Analysis of split plot designs

To illustrate the analysis of designs with different-sized experimental units I consider the case of a split-split plot design arranged in blocks. This example appears in Crawley (2002), p. 345. In a split-split plot design there are three different sizes of experimental units and three levels at which treatments are randomly applied.

  1. The experiment consisted of four blocks in which all of the treatment combinations appear. So each block is a complete replication of the treatment structure.
  2. Each block was split in half: one half was irrigated, one half was not. This was found to be necessary because of the logistics of watering plots. These half blocks are the whole plots and irrigation is the whole plot treatment. There are eight whole plots (2 per block) in the experiment.
  3. Each whole plot was divided into three rows in which seeds were sewn at three different densities. The rows are the split plots and seed density is the split plot treatment. There were 24 split plots (six per block) in the experiment.
  4. Each row (split plot) was divided into three smaller plots to which fertilizer was applied by hand. The fertilizer treatments were N (nitrogen) alone, P (phosphorus) alone, and N + P. (This is not a two-factor design of N and P because there was no treatment in which both N and P were absent.) These smaller plots are the split split plots and fertilizer is the split split plot treatment. There were 72 split split plots (18 per block) in the experiment.

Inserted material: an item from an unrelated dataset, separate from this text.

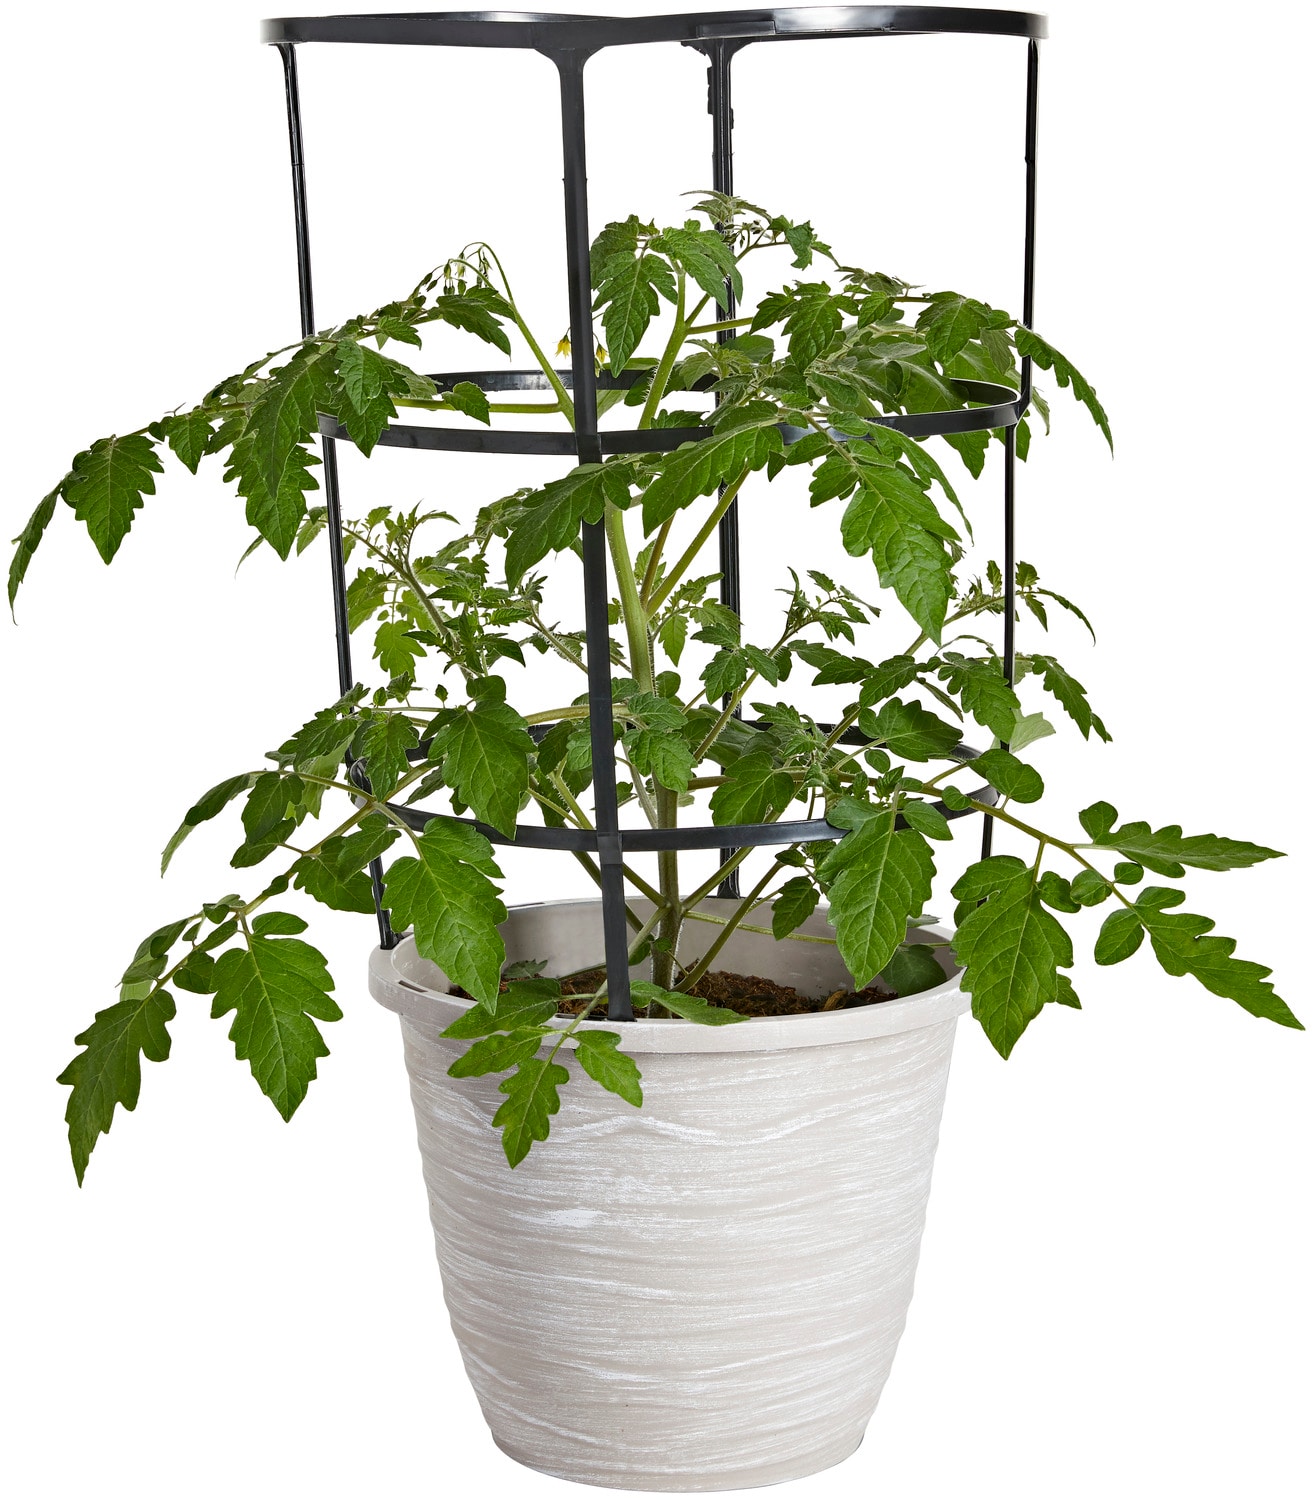 Fourth of July Tomato (Spring Pre-Order) 4.5 Pot - Burpee

Fig. 4 shows one of the four blocks from the experiment with the basic layout of the treatment applications.

fig. 4
Fig. 4   One block of the split-split plot design described in the text. The other three blocks (not shown) are replicates of the block shown here.

In this design the “size” of the experimental unit varies, both the physical size of the units and the number of replicates there are for some treatments versus others. We have 2 × 3 × 3 = 18 treatment combinations replicated four times for a total of 72 experimental units. The first thing to recognize is that this is not a full factorial design with a single level of randomization. For instance, for this to be a factorial design we would need to have 72 fields to which the irrigation treatment was randomly applied (at one of its two levels), but we only have 8, two per block. Notice that if we were to mess up one application of the irrigation treatment it would affect nine experimental units, not just one. The bottom line is that if we were to analyze this as a factorial design pretending that n = 72 for the irrigation treatment when in fact n = 8, we would be guilty of pseudoreplication.

Classical analysis of variance for split plot designs

I read in the data from Crawley's web site. The first 12 lines of the file contain a portion of the results from the first block, block A.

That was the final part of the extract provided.